If I were doing this today, I'd investigate the RPi 4 compute module (I built off of the RPi 3B+), using the RPi Pico as a microcontroller companion, and the NVIDIA Jetson. I'd also be excited to use the new camera, because the old one was terrible. Too bad the state of the GPU on the RPi is so poor.

The PWM interface is simple enough that I wouldn't worry about platform-agnosticism.

quietlychris commented 3 years ago

Okay, awesome! Yeah, definitely interested in taking a look :) Honestly, I spent a fair amount of time a couple years ago playing around with an RPi4, and didn't really find it worth the effort. It seems like it was great for certain projects, but then even tasks like getting an I2C connection working reliably (I think there was a bug around clock-stretching) ended turning into multi-hours affairs while experimenting with config files. It's totally possible that things have changed in the meanwhile, though, maybe I should take another look.

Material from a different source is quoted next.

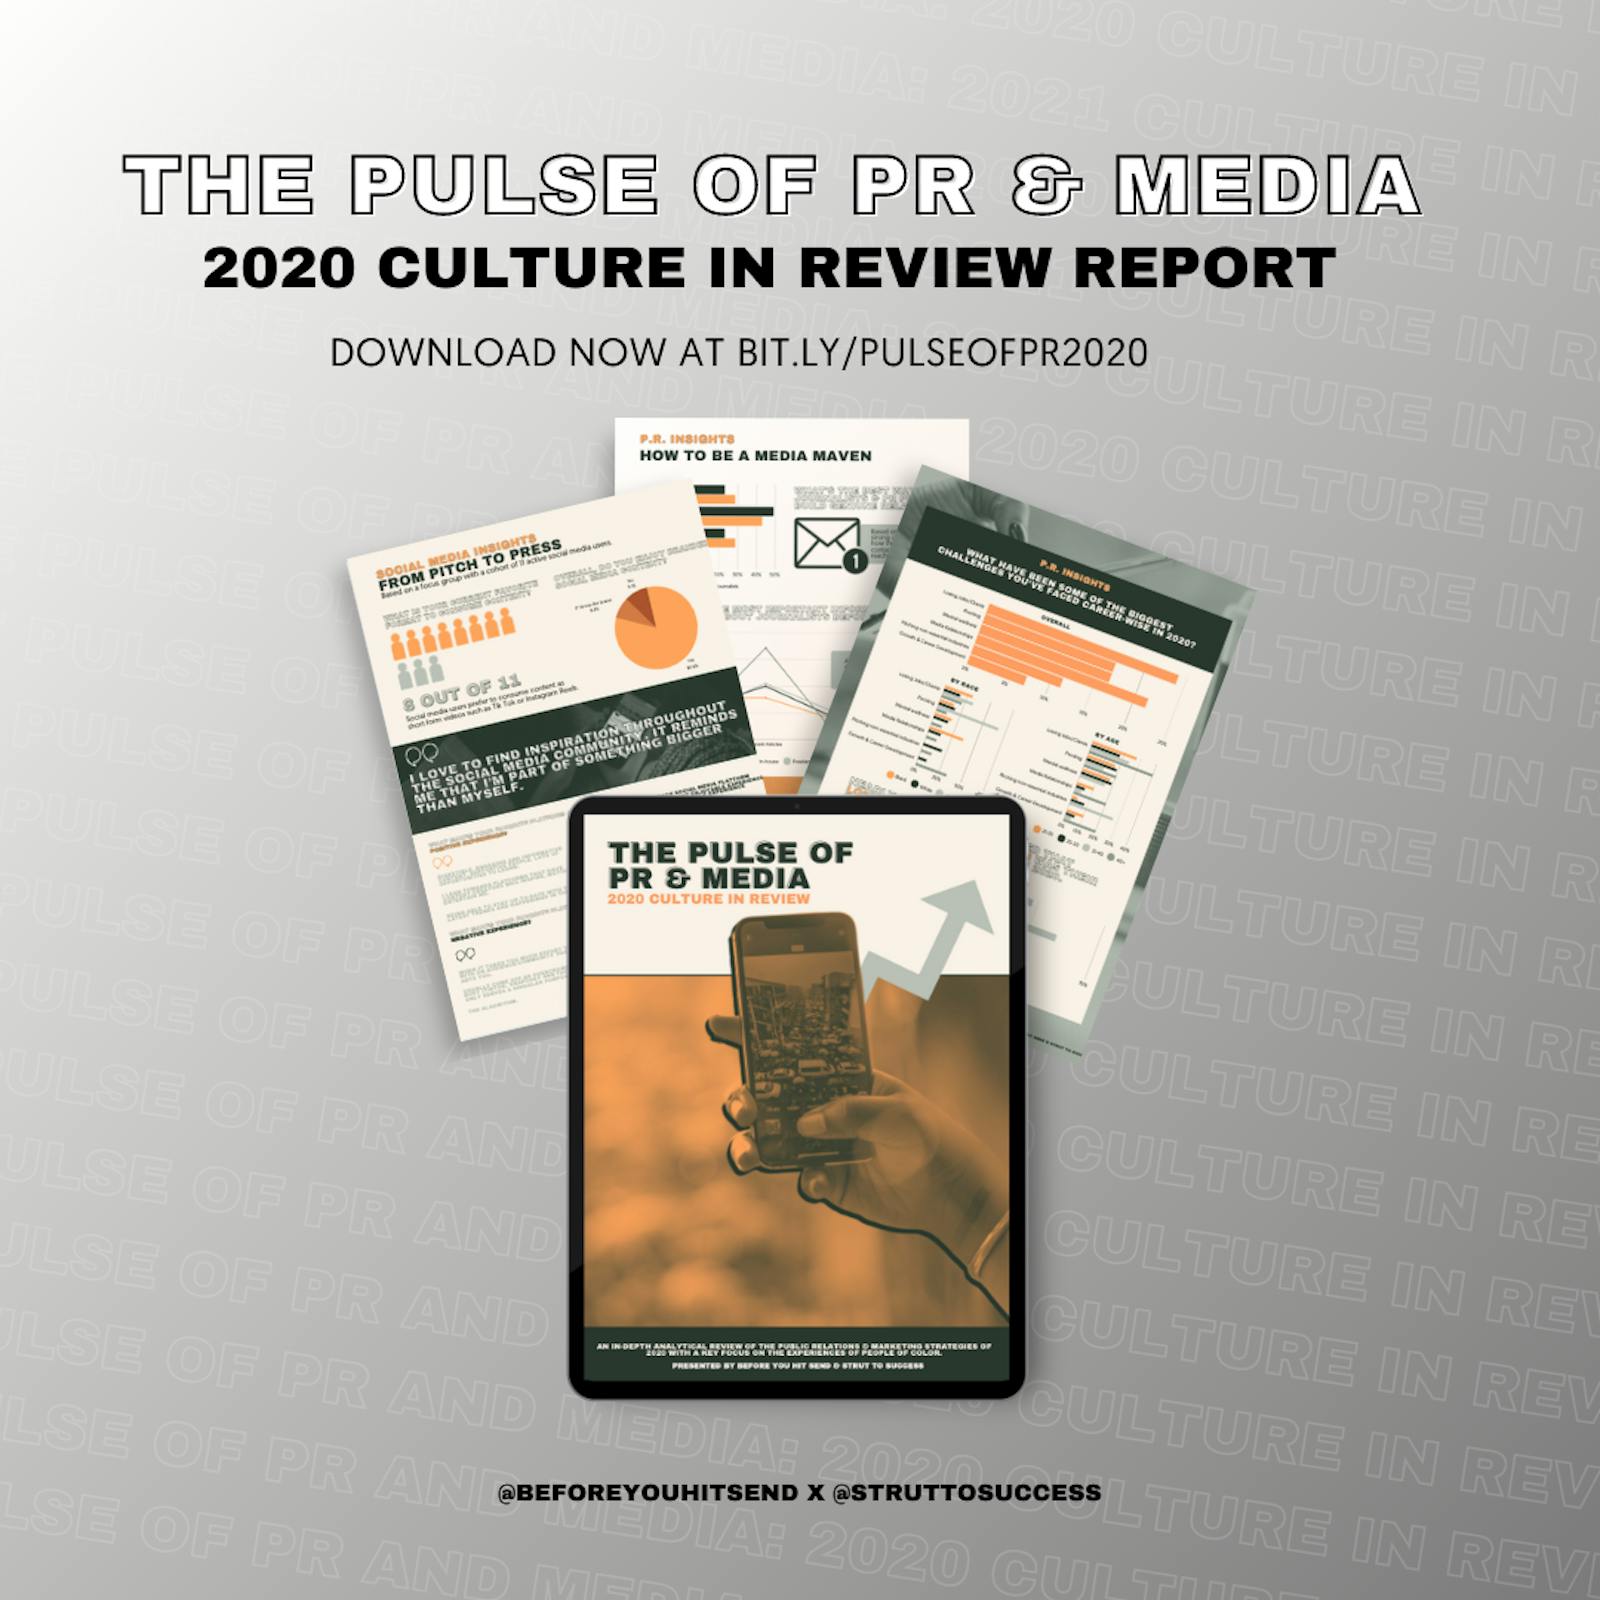 The Pulse of PR & Media: 2020 Culture in Review

The Jetson Nano is something I've spent some time working on for computer vision (the Stereolabs ZED camera uses CUDA under the hood, making the Jetson series really the only game in town), but haven't really spent much time on accessing anything that's not over a USB connection. IIRC correctly, I believe that Armbian is getting pretty close to supporting a build for it, so that could be a possibility.

I think I'm personally going to be sticking to sysfs_pwm for now, but may look into using other GPIO pins eventually, potentially as something that could be enabled as a feature flag.